As far as these machines are concerned there are two points I’d like to make:
1) The technology seems to be fairly new and their effectiveness is far from proven. Certainly not enough to warrant a ridiculously expensive nationwide adoption. We saw a similar rush to adopt a new and unproven technology with “puffer” machines, the result being that we spent $30 million on purchasing them and they are now not even in use: http://motherjones.com/mojo/2010/01/airport-scanner-scam
2) The motives of those calling for these seemingly miraculous machines are in serious question. Two very high-profile advocates are Michael Chertoff (see articles above) and Richard Clarke (http://en.wikipedia.org/wiki/Richard_A._Clarke), both former high-level intelligence officials, and both currently on the payroll of private companies that stand to make millions off any kind of TSA increased spending on new technologies. Disclosure of these relationships next to their statements by the media would go some ways to diluting the loud calls for wide adoption.

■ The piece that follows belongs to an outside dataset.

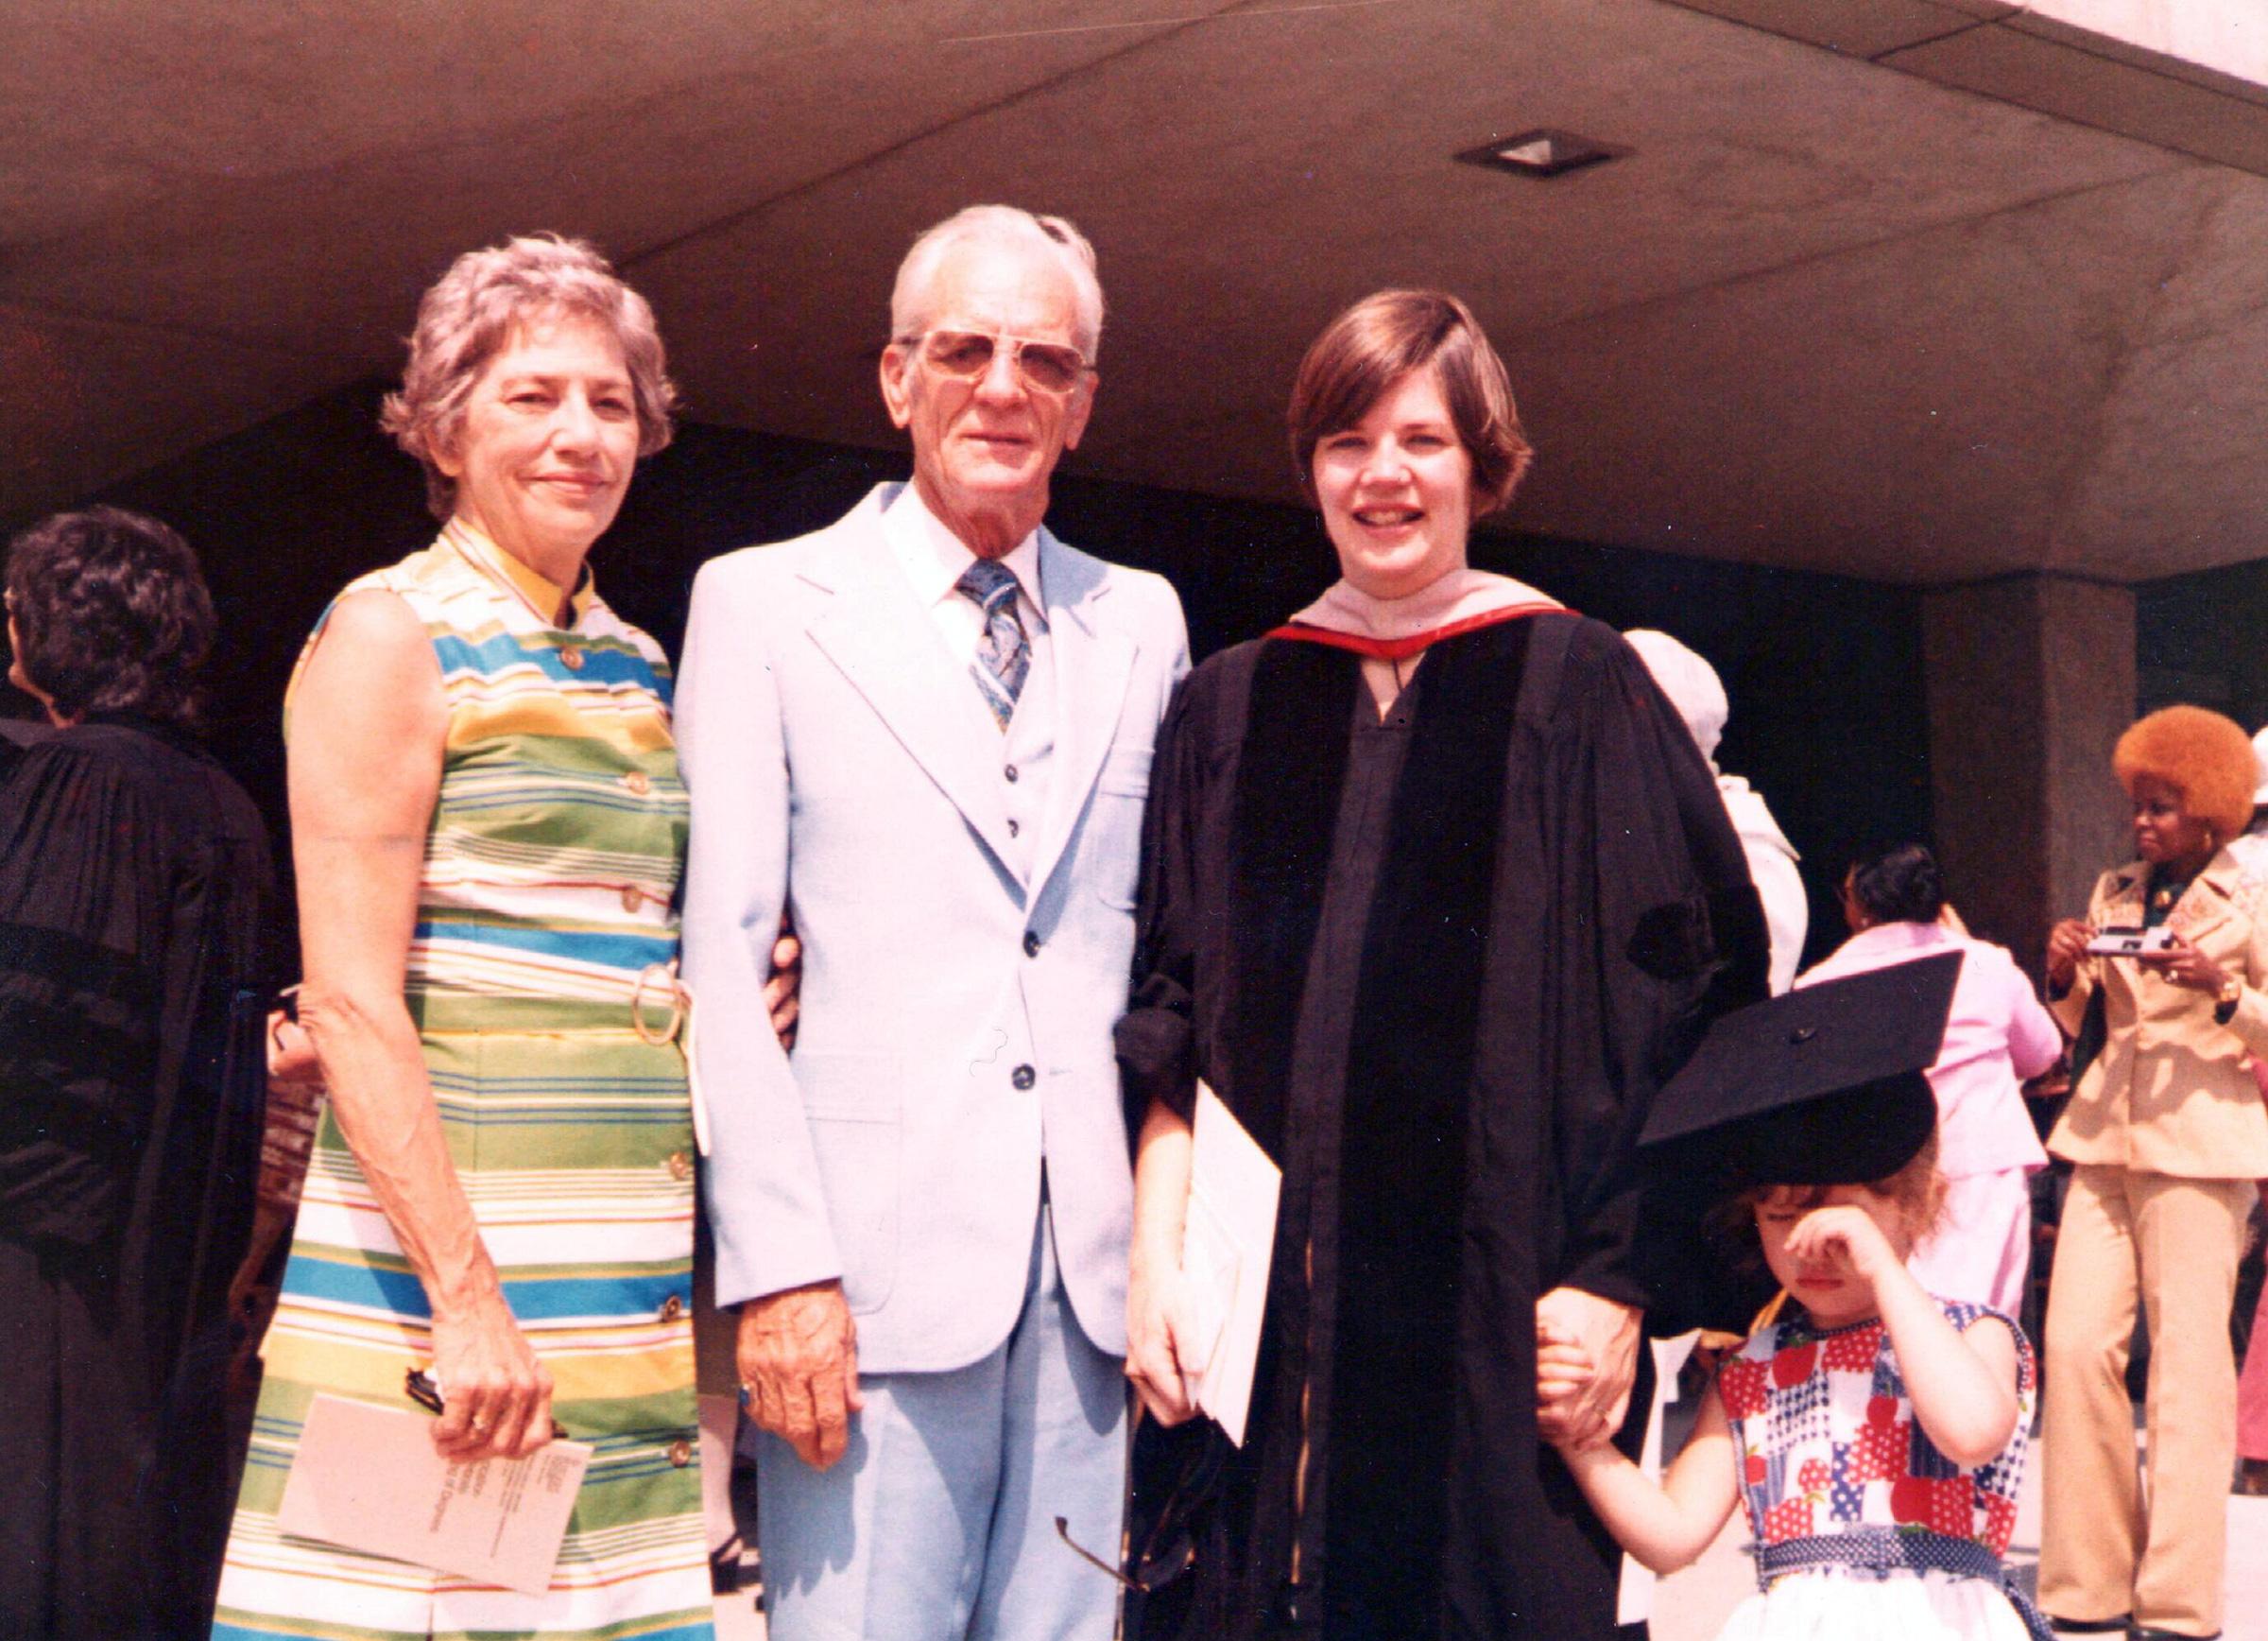 Warren with her parents Pauline and Donald Jones Herring at Rutgers Law graduation, circa 1976.

To the broader issue of deterring further attacks, I highly doubt that having female screeners will do anything. If someone is willing to die and kill for their cause, I think they’ll endure that last indignity. Additionally, many female TSA employees may rightfully object.
Anyhow, there are much bigger policy discussions that need to take place if we truly want to reduce terror, and airport scanning technologies are at best a miniscule portion of that.
#6 Strubie on Friday January 08, 2010 at 7:27pm
What a great idea! They’re all short given their propensity for overcompensating.
#7 Kathy Orlinsky on Saturday January 09, 2010 at 8:05pm
Would children be required to go through the scanner? If you feel fine about adults going through it, how about teenaged girls or young boys? If not, how long until al qaeda recruits kids?